Big splashes don’t really change the landscape – depending upon the size of the splash! A tsunami is an inverted splash that certainly changes the landscape, but didn’t the changing landscape cause the inverted splash? Long-term change of culture happens through ripples. I could throw a big rock into the pond of culture and create a momentary change, but that requires a lot of effort that only certain people can accomplish – a big person or a big God. But what if everyone was mobilized to throw repeated rocks into the pond of culture? Wouldn’t this create continuous ripples that would keep it from becoming stagnant? Isn’t this how a big God wants to effect change?
Relationships are the ripples that change culture. Religion provides the rocks, but we cannot become religious about our rocks. “Stop throwing my rocks!”
How many relationships do you have? All discipleship (training and teaching people to follow Jesus) is best done in the context of individual relationships. Certainly systems, processes, structure, and organizations are helpful in discipleship, but ultimately, we are shaped by relationship. Rocks are helpful for creating ripples, but we must make the rocks manageable for little hands.

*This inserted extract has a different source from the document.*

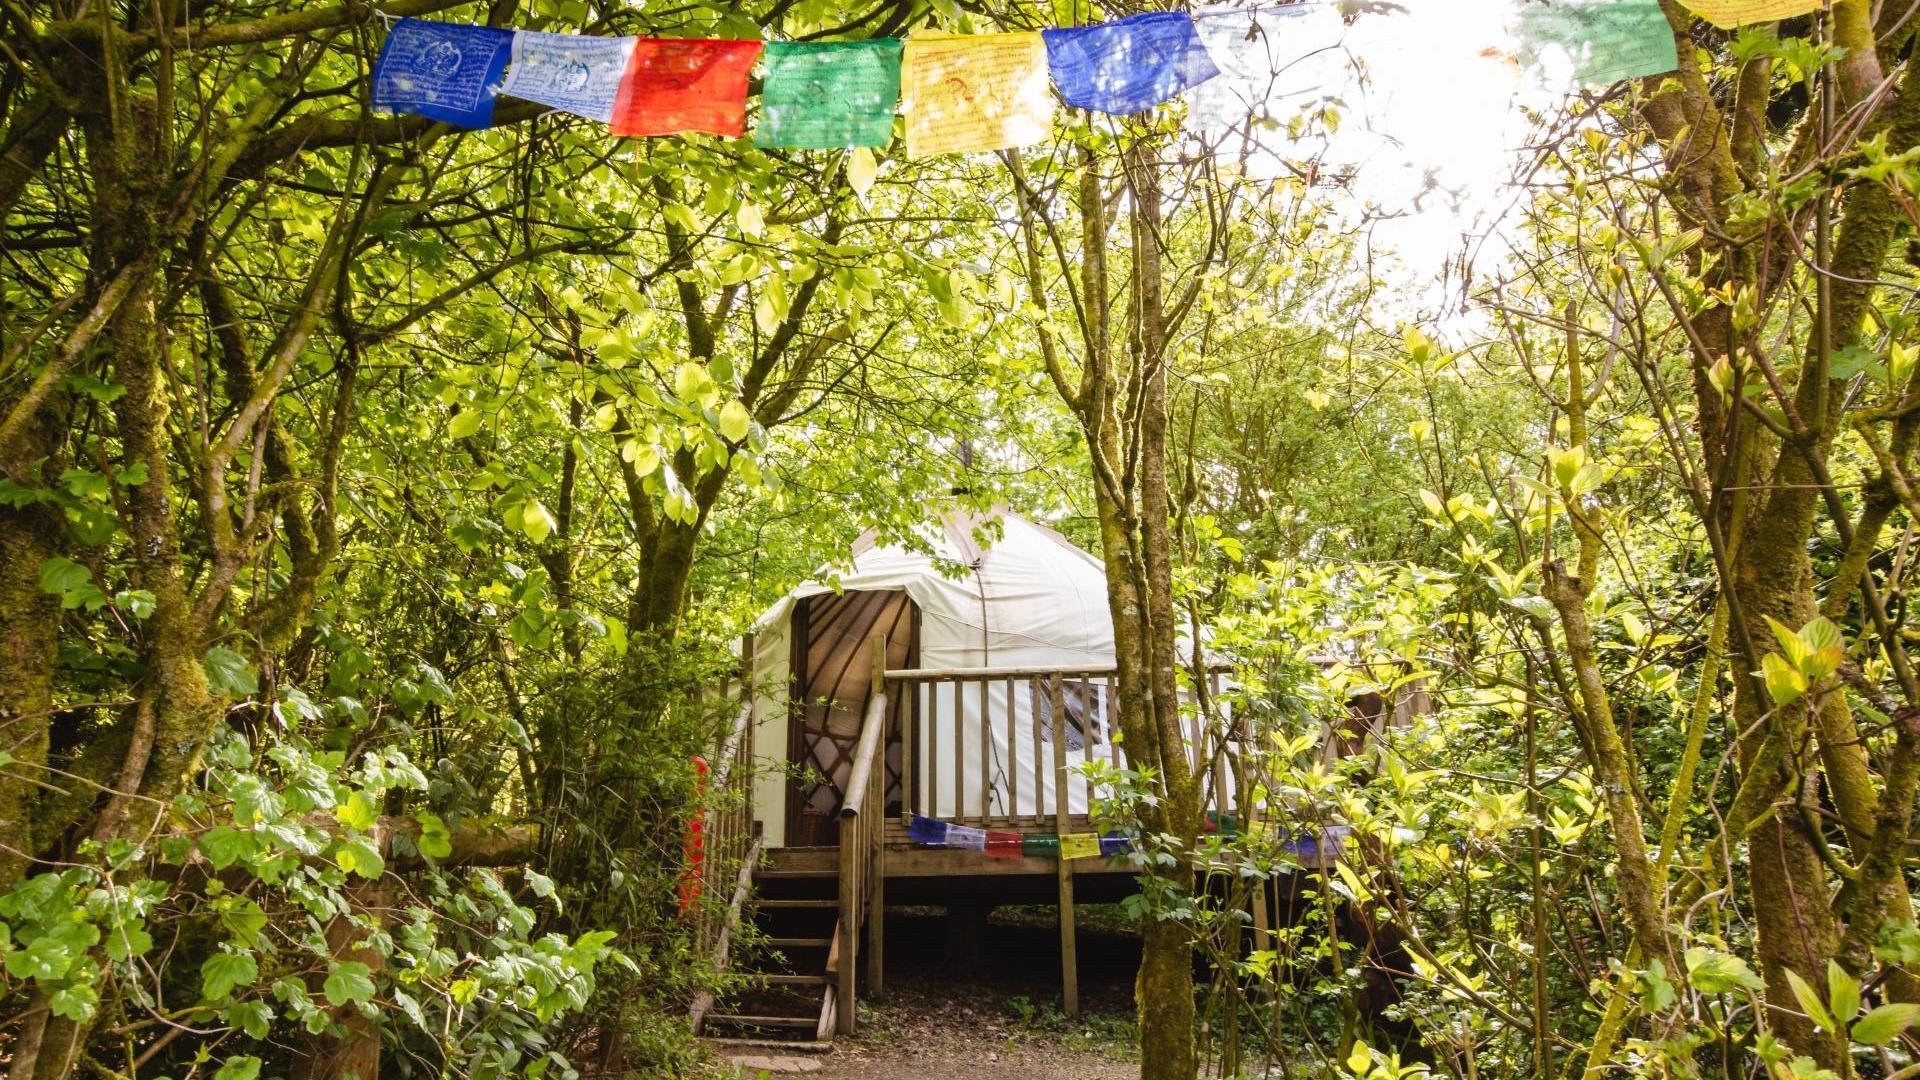 1 Bedroom Yurt in Wales, United Kingdom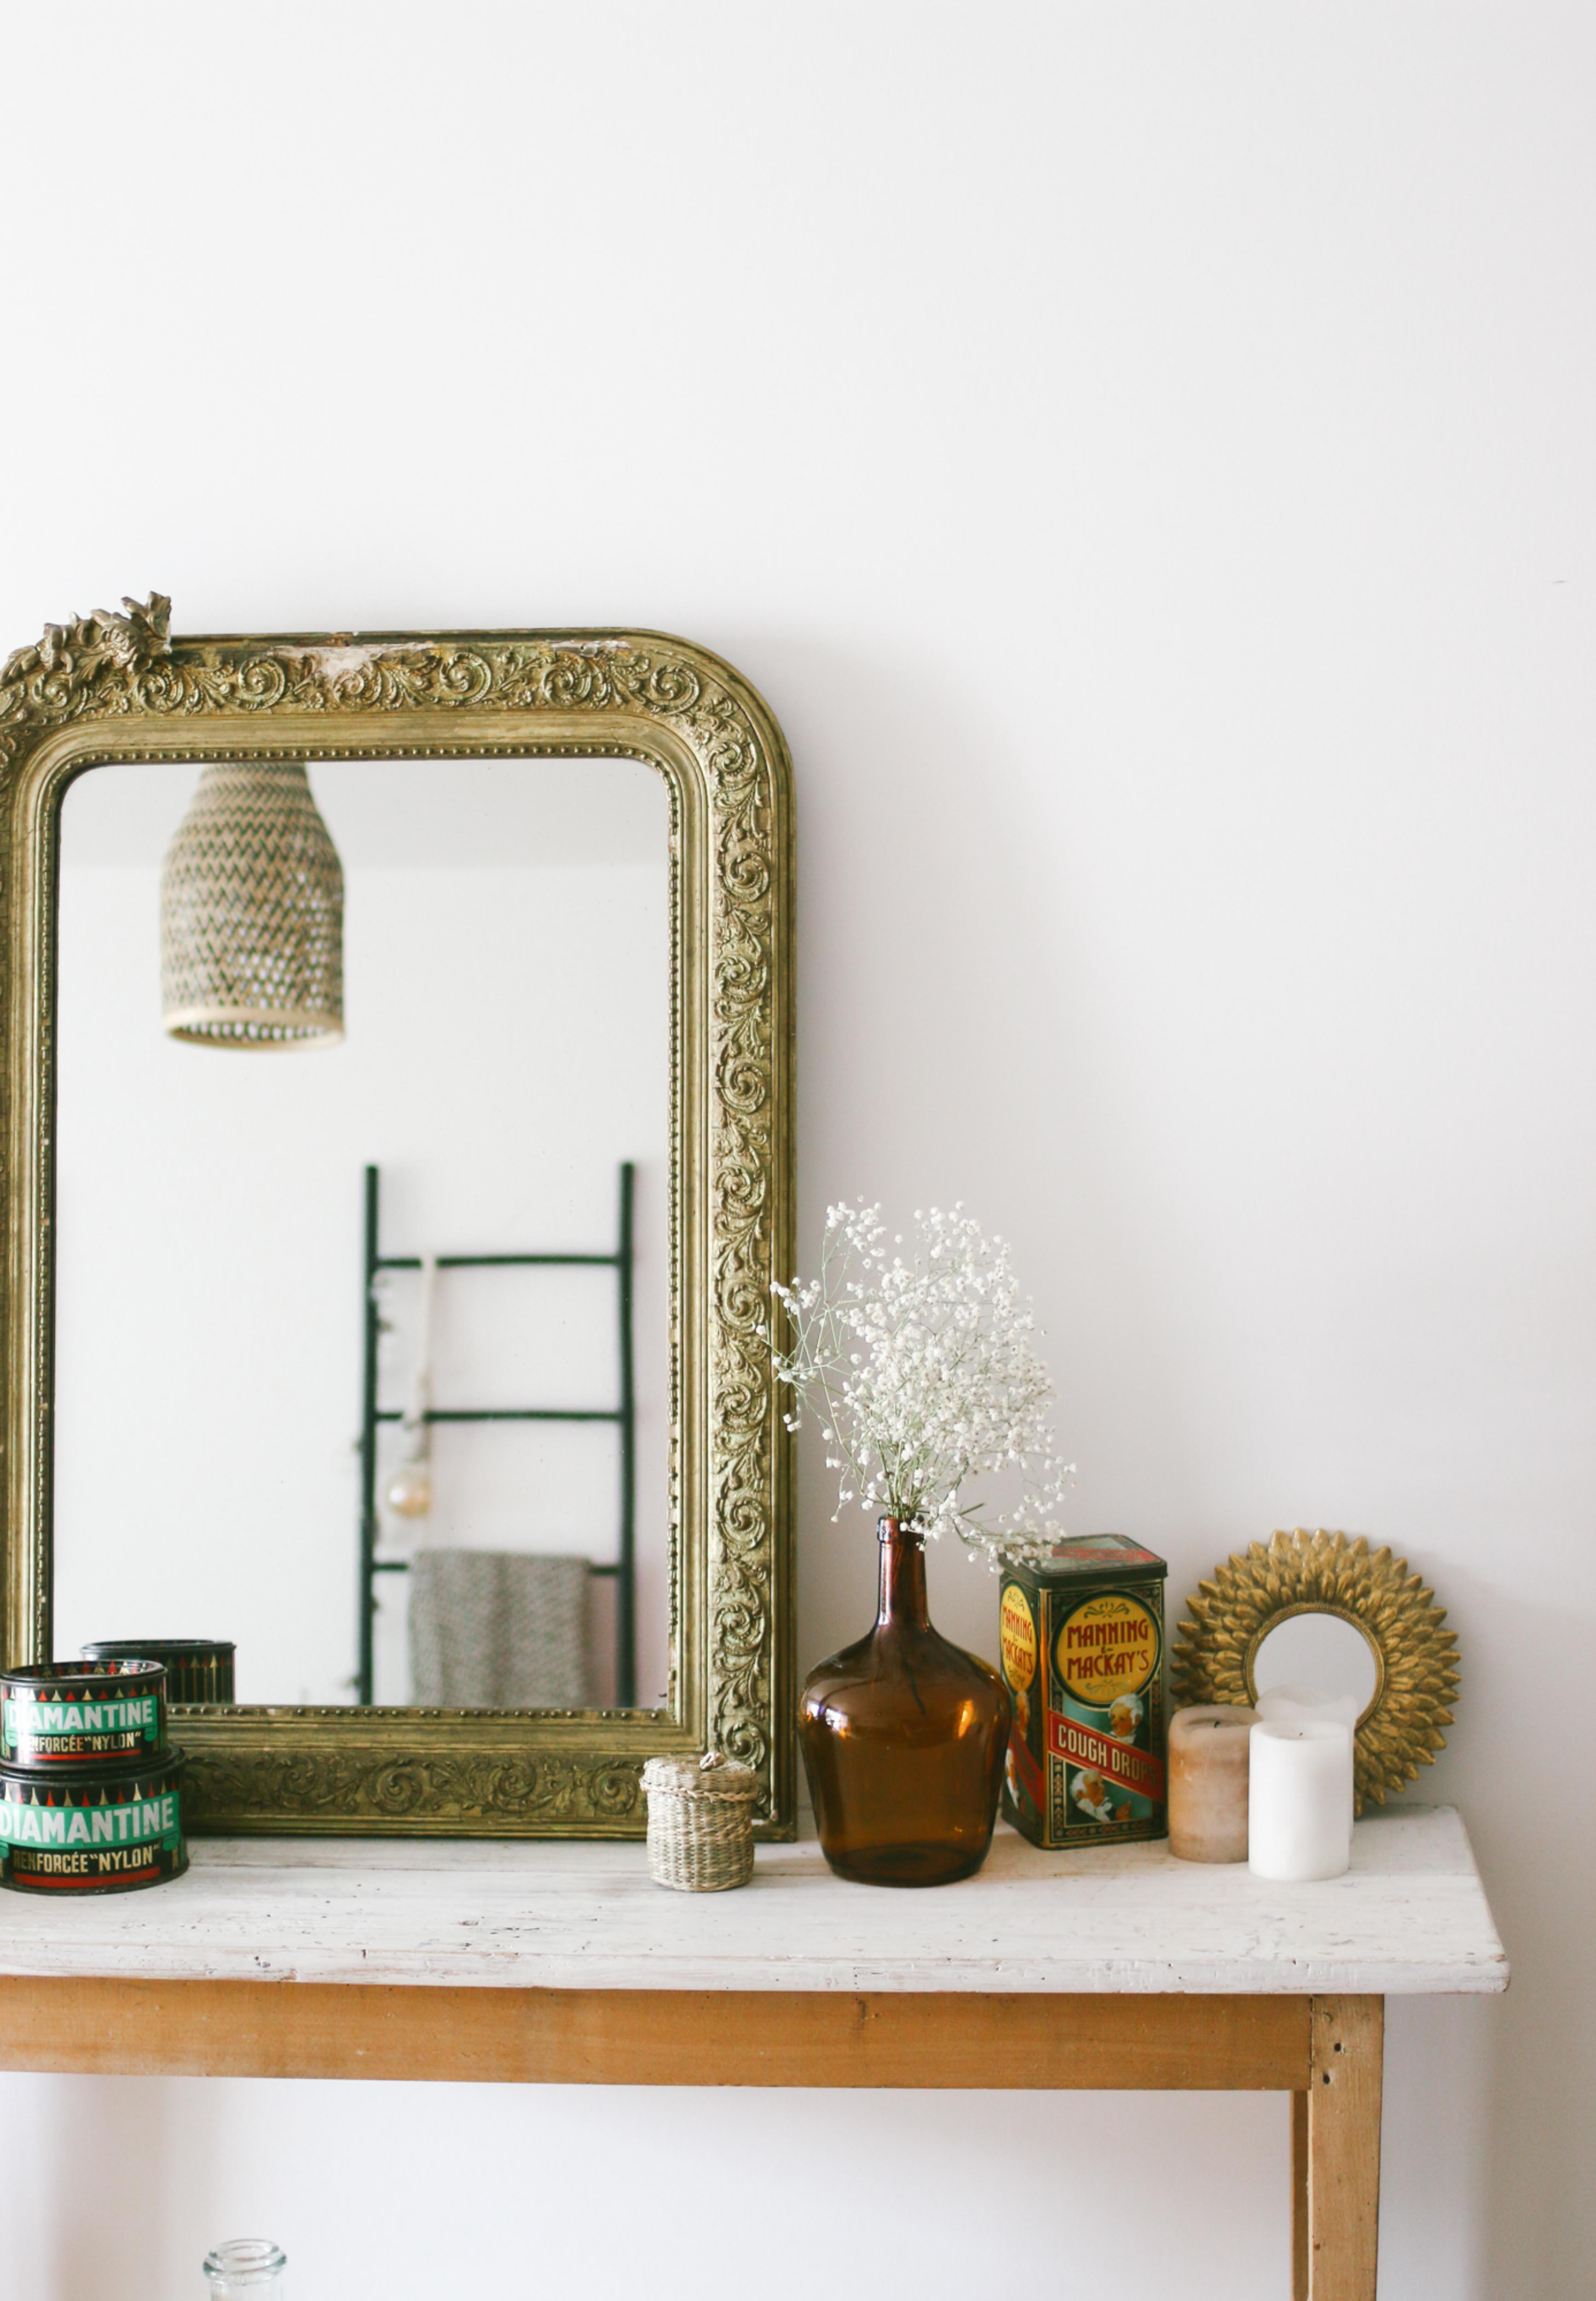 id es d coration appartement blog she wears blogueuse mode marseille. Black Bedroom Furniture Sets. Home Design Ideas

Relationship has within its power to influence and change. Very little change has happened in my life in a vacuum of relationship. Even accountability is best done in the context of a relationship, not a one-way engagement, but a relationship of love and mutual accountability. It is much harder to dismiss an issue once we are in a relationship with someone on the other side of the issue.
This is not to suggest that we should ever use relationship to manipulate or control. However, I must view my relationships as my circles of influence – fully embracing the reality that every relationship is a two-way street of influence. It is so annoying to be in a conversation where one or more individuals have no interest in listening, understanding, or willingness to be influenced.
We are each called to be in relationship with our Maker and with one another. Did you realize that you are invited by God Himself to influence Him? He invites us to ask Him move things and even change His mind about big and small things. Every father wants to be influenced by his children – and Jesus says that we have a Good Father in Heaven who wants to be influenced by His children. He says, “Tell me what you need and ask me to move something on your behalf.” Why? Because relationship is characterized by influence and He wants a relationship with us because He knows that we need a relationship with Him.
We need to be in relationship. We need to influence and be influenced. Jesus called us to make disciples – influence each other into what it means to follow Him and change the landscape. Discipleship is characterized by relationship and the ripples of influence. Who is influencing you? Who are you influencing? When was the last time you influenced God? When was the last time He influenced you? What rocks are helpful for creating ripples of influence? What rocks are unmanageable?